Advantage Actor-Critic (A2C) Demo

This code demonstrates a minimal implementation of the Advantage Actor-Critic (A2C) algorithm in PyTorch on the CartPole-v1 environment. A2C extends vanilla policy gradient (REINFORCE) by using a learned value function (the critic) as a baseline, which dramatically reduces the variance of the gradient estimates used to update the policy (the actor).

Key ideas illustrated:

  • Separate actor (policy) and critic (value) networks
  • Advantage estimation using the Monte Carlo return minus the critic’s value estimate
  • Simultaneous policy and value function optimization
  • Variance reduction compared to REINFORCE
A2C Implementation
Download
# Partially Adapted from https://towardsdatascience.com/learning-reinforcement-learning-reinforce-with-pytorch-5e8ad7fc7da0

# %%
import numpy as np
import gymnasium as gym
import torch
from torch import nn
import torch.nn.functional as F
import random
from collections import deque
import copy

from tqdm.std import tqdm

device = 'cuda' if torch.cuda.is_available() else 'cpu'
# %%
env = gym.make('CartPole-v1')
render_env = gym.make('CartPole-v1', render_mode='human')
n_state = int(np.prod(env.observation_space.shape))
n_action = env.action_space.n
print("# of state", n_state)
print("# of action", n_action)

# %%


def run_episode(env, policy):
    obs_list = []
    act_list = []
    reward_list = []
    next_obs_list = []
    done_list = []
    obs = env.reset()[0]
    while True:
        action = policy(obs)
        next_obs, reward, terminated, truncated, _ = env.step(action)
        reward_list.append(reward), obs_list.append(obs), \
            done_list.append(terminated), act_list.append(action), \
            next_obs_list.append(next_obs)
        if terminated or truncated:
            break
        obs = next_obs

    return obs_list, act_list, reward_list, next_obs_list, done_list
# %%


class Policy():
    def __init__(self, n_state, n_action):
        # Define network
        self.act_net = nn.Sequential(
            nn.Linear(n_state, 16),
            nn.ReLU(),
            nn.Linear(16, n_action),
            nn.Softmax(dim=-1)
        )
        self.act_net.to(device)
        self.v_net = nn.Sequential(
            nn.Linear(n_state, 64),
            nn.ReLU(),
            nn.Linear(64, 1),
        )
        self.v_net.to(device)
        self.gamma = 0.99
        self.act_optimizer = torch.optim.Adam(
            self.act_net.parameters(), lr=1e-3)
        self.v_optimizer = torch.optim.Adam(self.v_net.parameters(), lr=1e-3)

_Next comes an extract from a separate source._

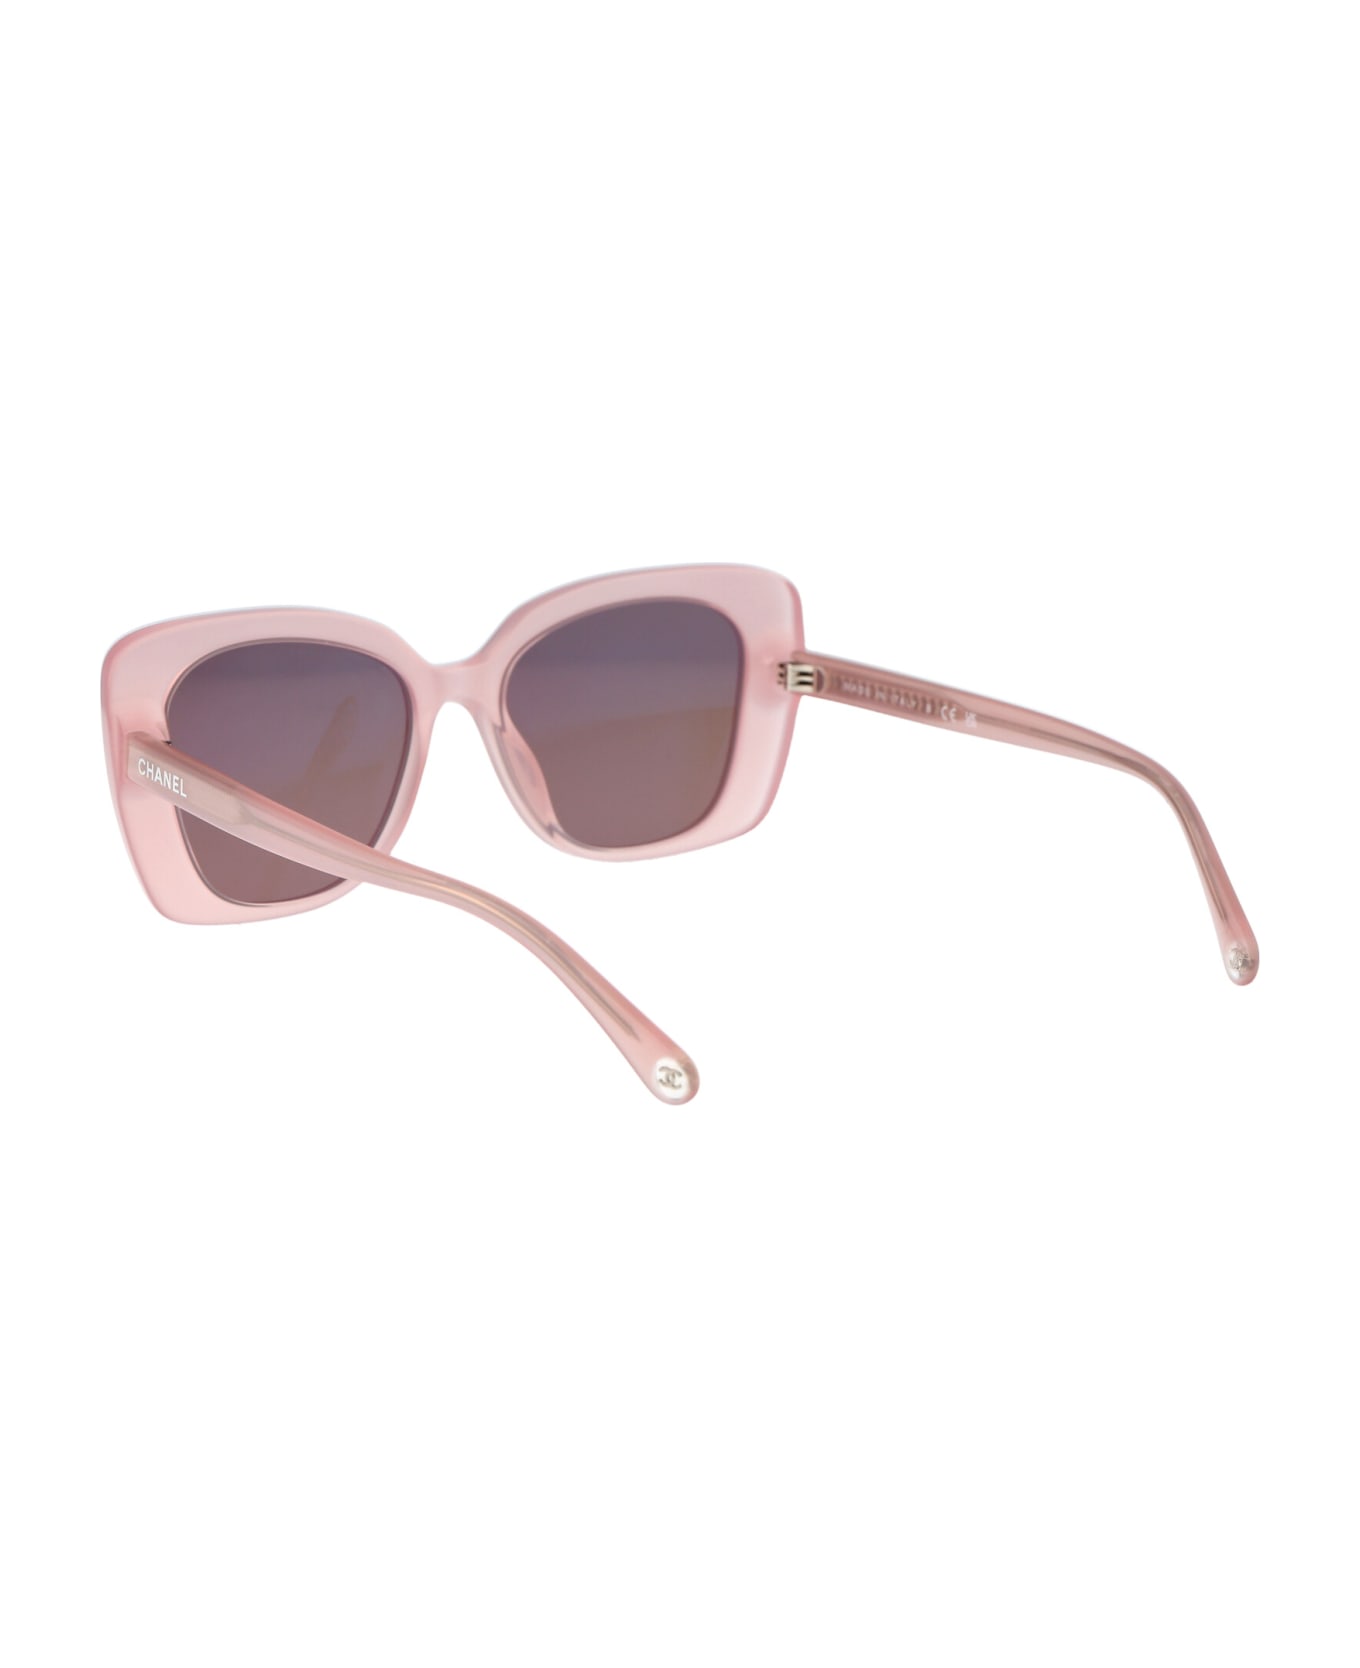 Chanel 0ch5504 Sunglasses - 17334R PINK

    def __call__(self, state):
        with torch.no_grad():
            state = torch.FloatTensor(state).to(device)
            action_probs = self.act_net(state).detach().cpu().numpy()
            action = np.random.choice(n_action, p=action_probs)
        return action

    def update(self, data):
        obs, act, reward, next_obs, done = data
        # Calculate culmulative return
        returns = np.zeros_like(reward)
        s = 0
        for i in reversed(range(len(returns))):
            s = s * self.gamma + reward[i]
            returns[i] = s

        obs = torch.FloatTensor(obs).to(device)
        reward = torch.FloatTensor(reward).to(device)
        next_obs = torch.FloatTensor(next_obs).to(device)
        returns = torch.FloatTensor(returns).to(device)
        # Actions are used as indices, must be
        # LongTensor
        act = torch.LongTensor(act).to(device)
        done = torch.FloatTensor(done).to(device)
        # Calculate loss
        batch_size = 32
        list = [j for j in range(len(obs))]
        # Calculate advantages (No need to use (1 - done) on returns, as it involves no neural network prediction)
        with torch.no_grad():
            adv = returns - self.v_net(obs).squeeze(-1)
        for i in range(0, len(list), batch_size):
            index = list[i:i+batch_size]
            for _ in range(1):
                logprob = torch.log(self.act_net(obs[index, :]) + 1e-8)
                adv_logprob = adv[index] * torch.gather(logprob, 1,
                                                        act[index, None]).squeeze()
                act_loss = -adv_logprob.mean()
                self.act_optimizer.zero_grad()
                act_loss.backward()
                self.act_optimizer.step()

            for _ in range(2):
                with torch.no_grad():
                    td_target = reward[index, None] + self.gamma * \
                        (1 - done[index, None]) * self.v_net(next_obs[index, :])
                v_loss = F.mse_loss(
                    self.v_net(obs[index, :]), td_target)
                self.v_optimizer.zero_grad()
                v_loss.backward()
                self.v_optimizer.step()

        return act_loss.item(), v_loss.item()


# %%
loss_act_list, loss_v_list, reward_list = [], [], []
policy = Policy(n_state, n_action)
loss_act, loss_v = 0, 0
n_step = 0
for i in tqdm(range(2000)):
    data = run_episode(env, policy)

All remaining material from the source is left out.